▶ _WHAT YOU HAVE TO DO_: With pictures left out, copy exactly every line from the one containing "Monarch butterfly wings - photo#25" through the end of the material.

▶ _INFORMATION PROVIDED_:
┌────────

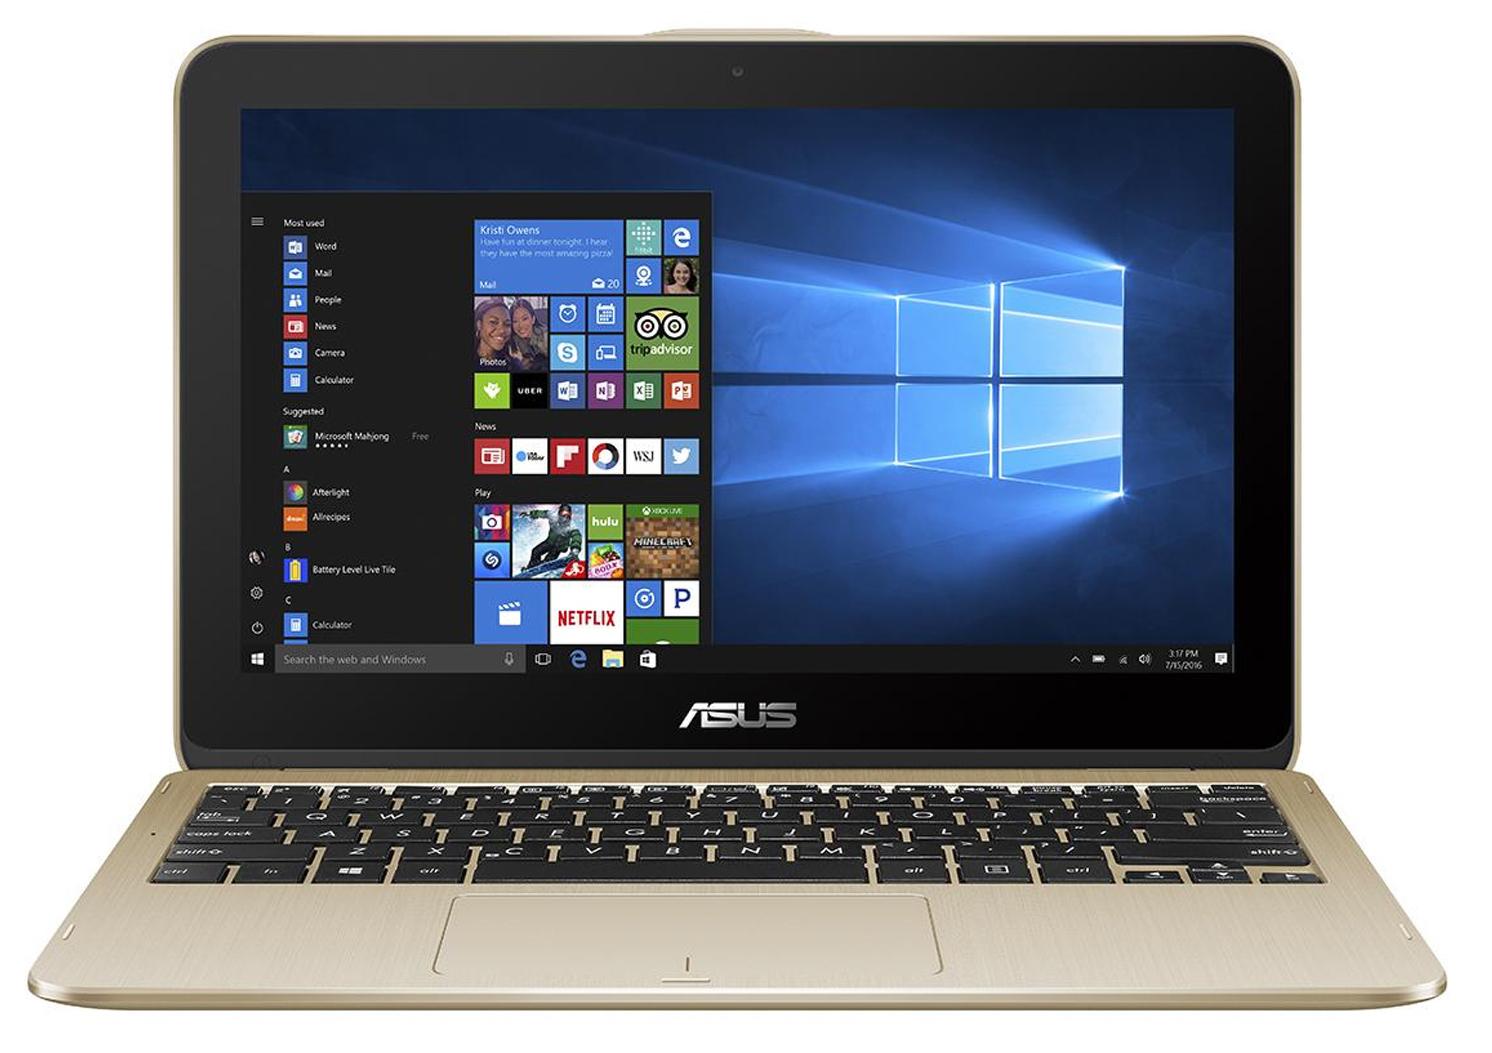 Courte critique du convertible asus vivobook flip 12 tp203nah n4200 hd - Office 365 version d essai ...
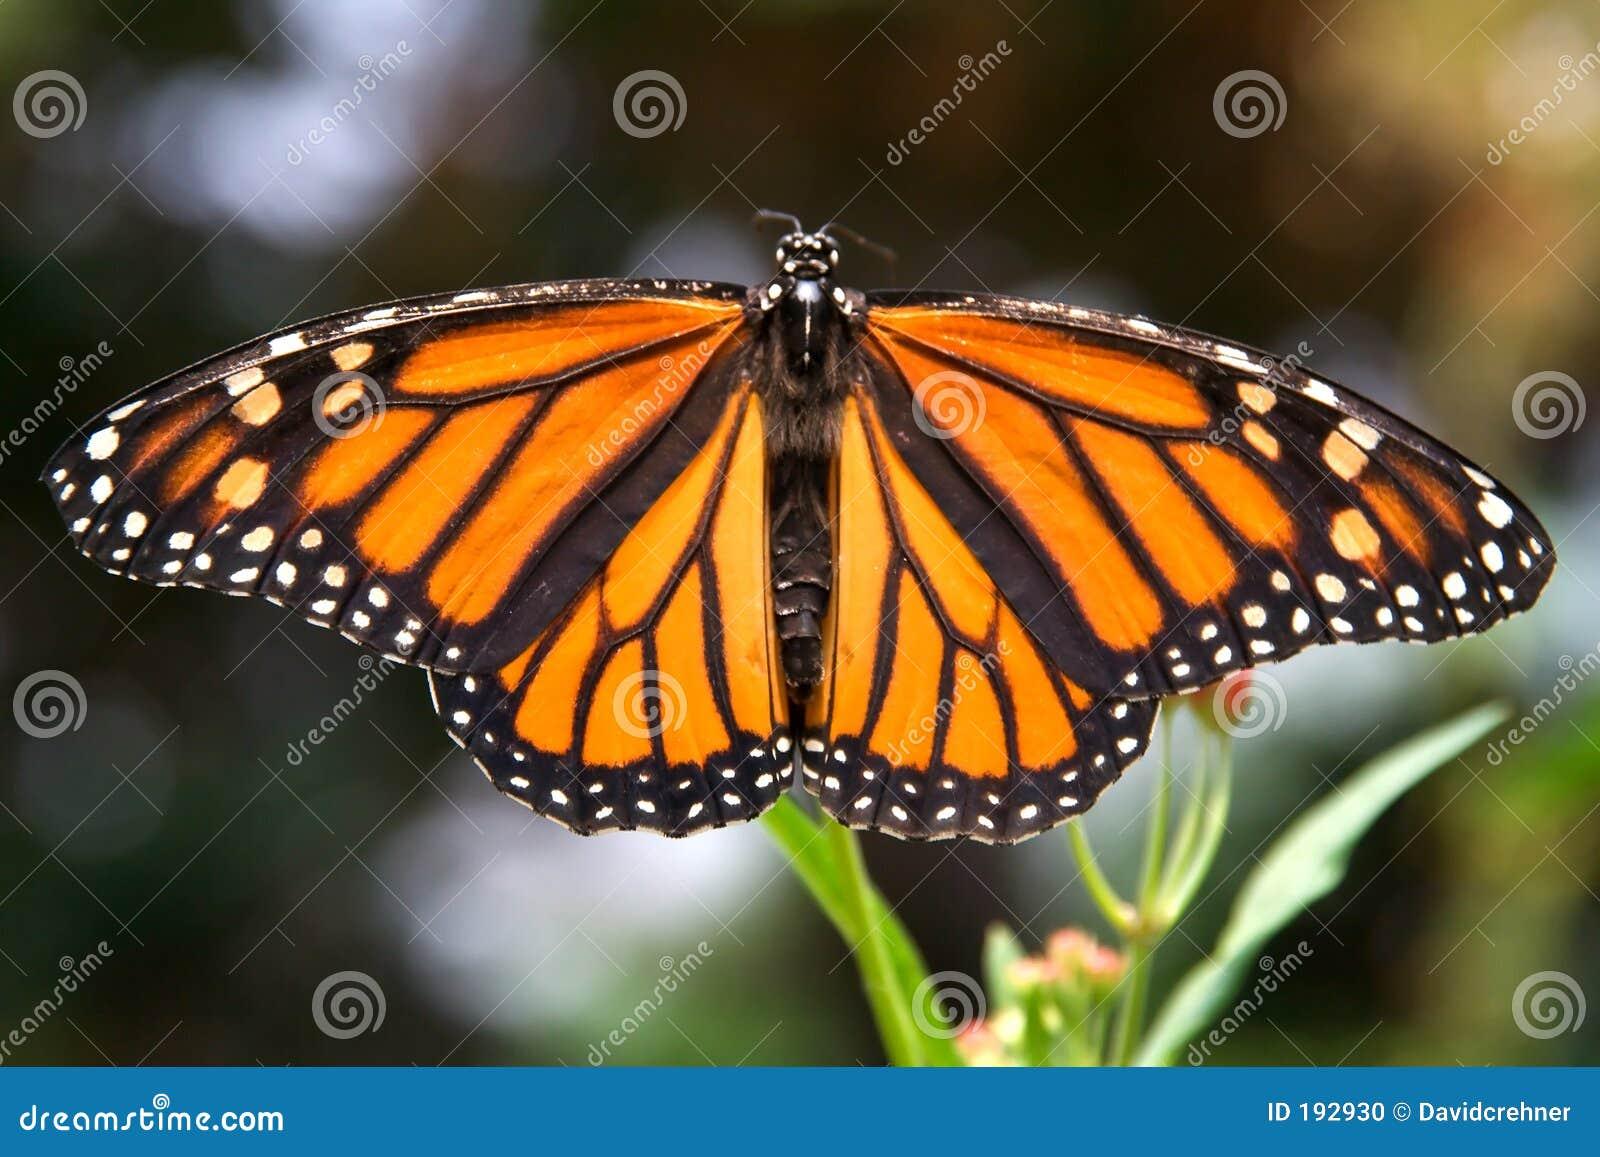 Monarch butterfly wings - photo#25
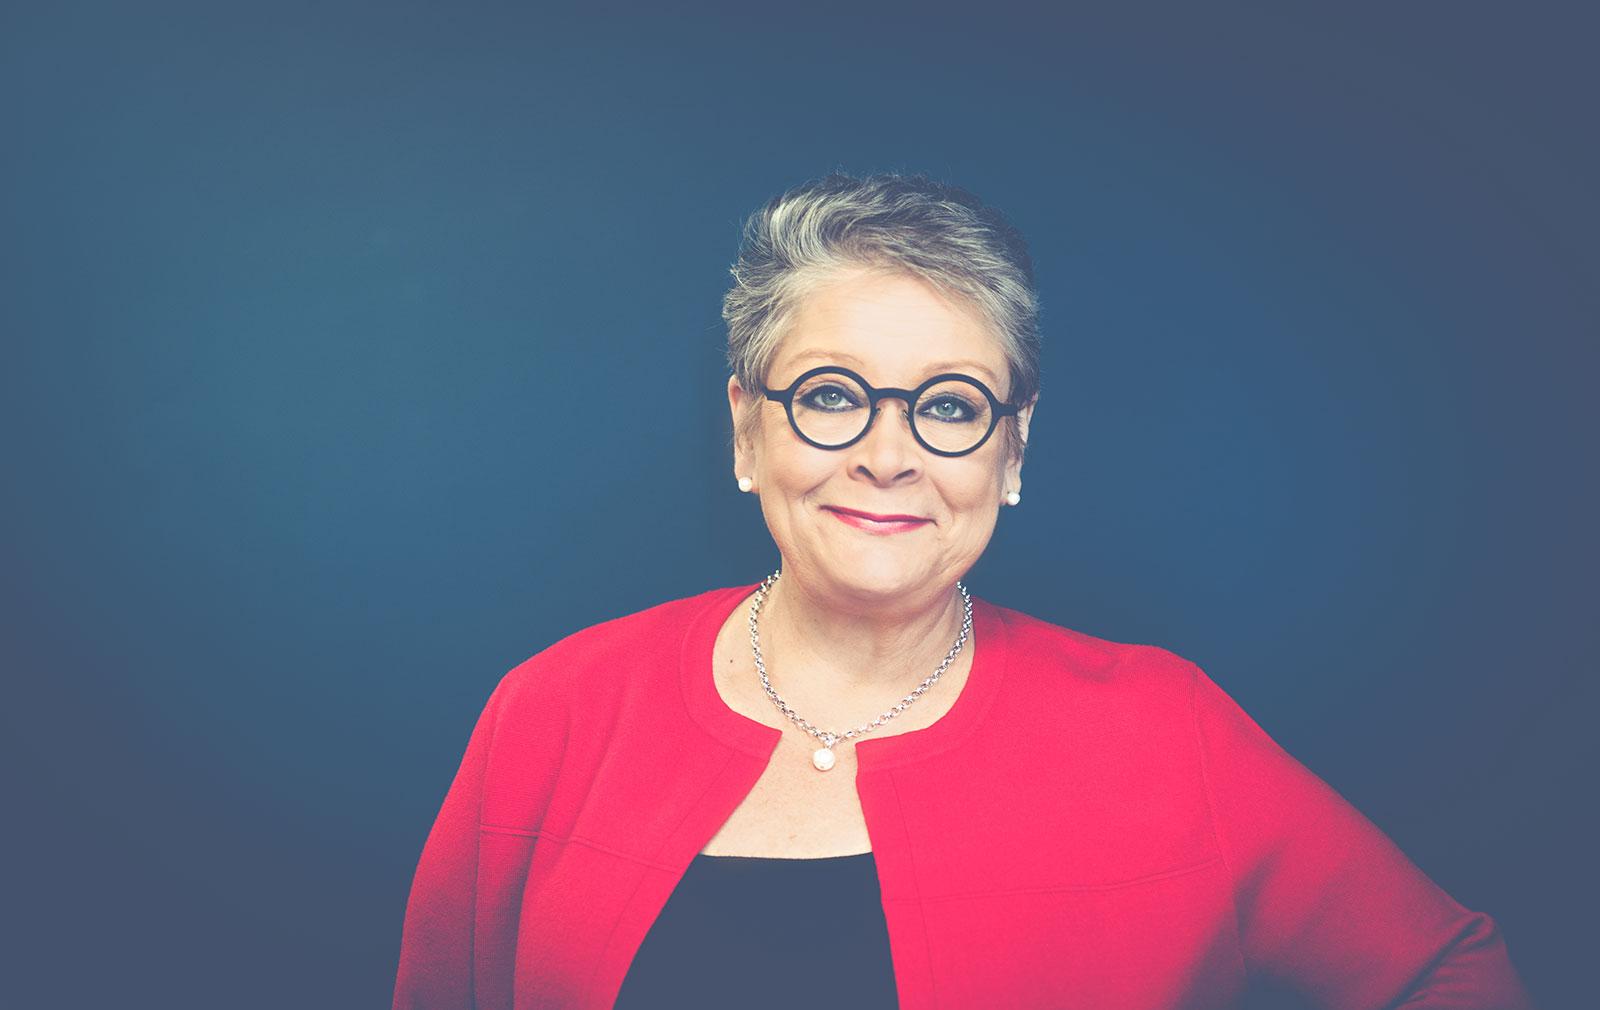 Ann Selin jättää PAMin puheenjohtajan tehtävän kesällä 2019

└────────

▶ _WORKED SOLUTION_:
 Monarch butterfly wings - photo#25
 Ann Selin jättää PAMin puheenjohtajan tehtävän kesällä 2019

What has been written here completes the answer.